For 4 minutes On Saturday 28th of April two of our beefy bare-metal processing servers were under a sustained 100% load on all cores, after which the root cause was identified, processes killed, and the offending account blocked. Just over 1 hour later a patch had been developed, tested, and rolled out to all processing nodes. Now for the juicy details.

To provide our Screenshot-as-a-Service API we maintain a number of full-fat processing servers running behind a load balancer located at Each of these servers run our full suite of services including headless versions of real web-browsers, such as Google's Chrome. On Saturday, a new customer joined our services and began to send requests to our API to generate a screenshot of a page containing only a CoinHive JavaScript crypto-currency mining script. The request also specified that our API should wait the maximum amount of seconds allowed until it took the screenshot and closed the browser session.

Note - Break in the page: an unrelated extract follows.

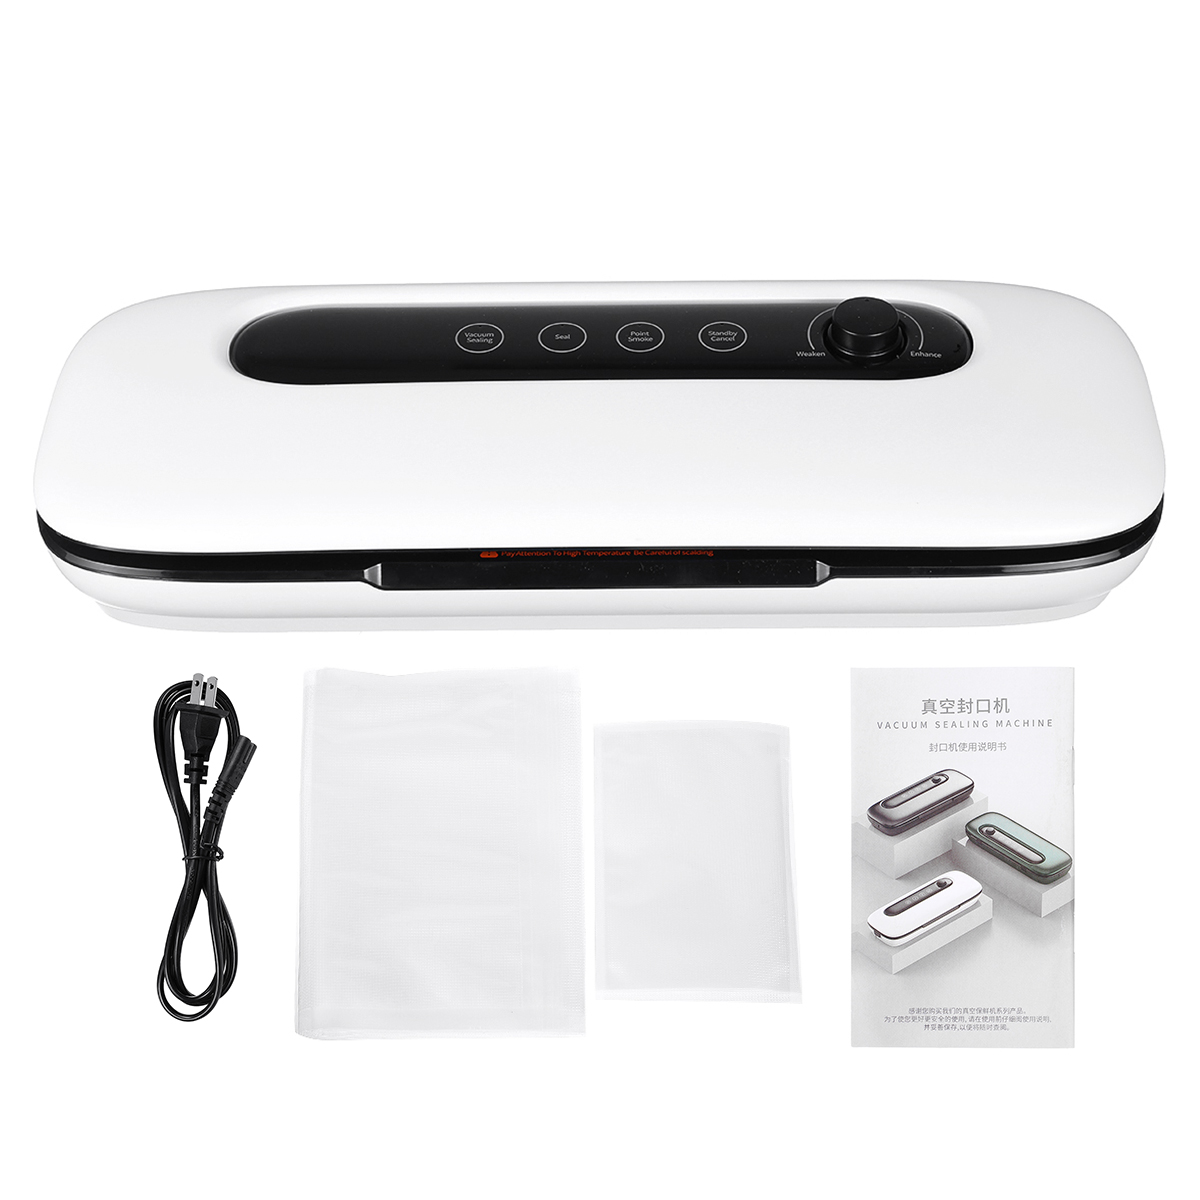 Vacuum-Sealer-Machine-Full-Automatic-Food-Sealer-Air-Sealing-System-for-Food-Storage-3-Functions-Ove-1928369-15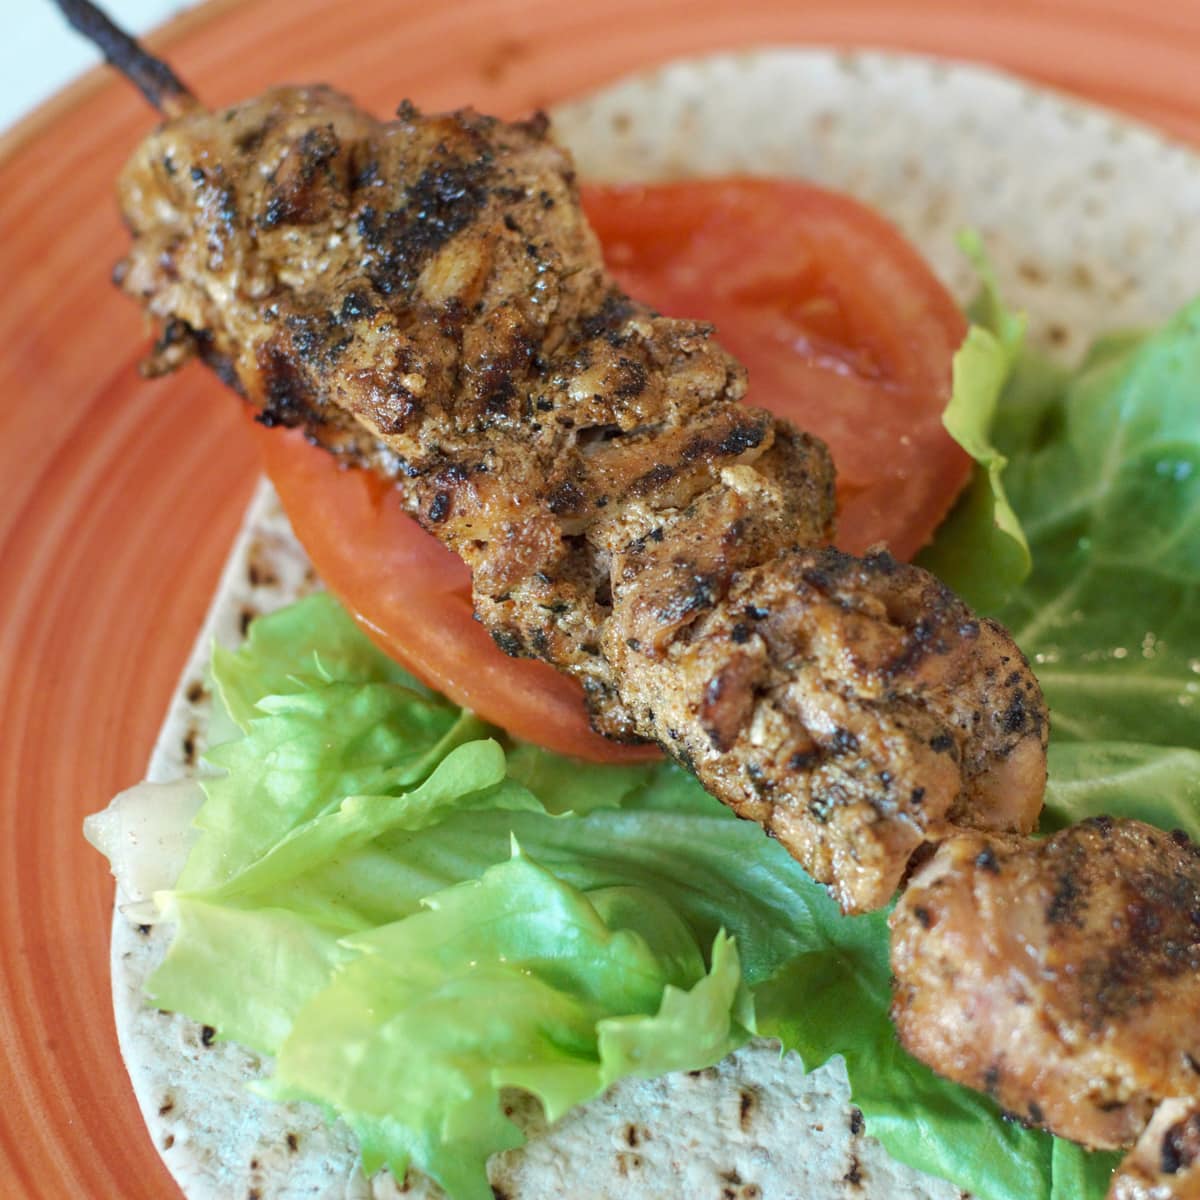 Grilled shish tawook kebabs served with flatbread, lettuce, and tomato.

These parameters allowed the client to run each request for 25 seconds, running multiple requests concurrently, thus achieving the sustained load. Simple but effective with no opportunity cost on the attackers behalf.

So to sum up, we've seen JS crypto mining running in YouTube adverts, Man in the Middle attacks, and now in cloud APIs such as our own. In hindsight, this was an obvious exploit that we should have seen coming a mile off. We take solace in the fact that our resources were not abused for more than 5 minutes and we are now smarter and better protected for it.

Just to be clear: NO user data was ever at risk or exposed, not even in the slightest. The crypto currency mining took place in our headless environments, and exclusively on our processing servers, which are physically separate from our app server. The processing servers do not hold ANY customer data whatsoever and were never under any unauthorised access. We have published this post simply because the exploit was novel and interesting: it's always fun seeing the lengths people will go to for a few cents.

As a closing note, we actually support* browser crypto mining. Websites need to be monetised, and ads are increasingly not passing muster at this point. If our own CPU cycles are to be used as payment for viewing free content online we'd far prefer the method of action to be Monero mining than web pages with 3 auto play video ads, 6 banners, 5 tracking beacons, and 30Mbs of additional data. Not to mention the security risk that 3rd party advertisement networks have been shown to be on countless occasions.

* Our support extends only to throttled consensual mining which is auto-disabled on devices with batteries like laptops and phones. Such a task would be simple to achieve using the HTML5 battery API or simple user agent checks. Easy to block too, yes, but so are traditional display ads.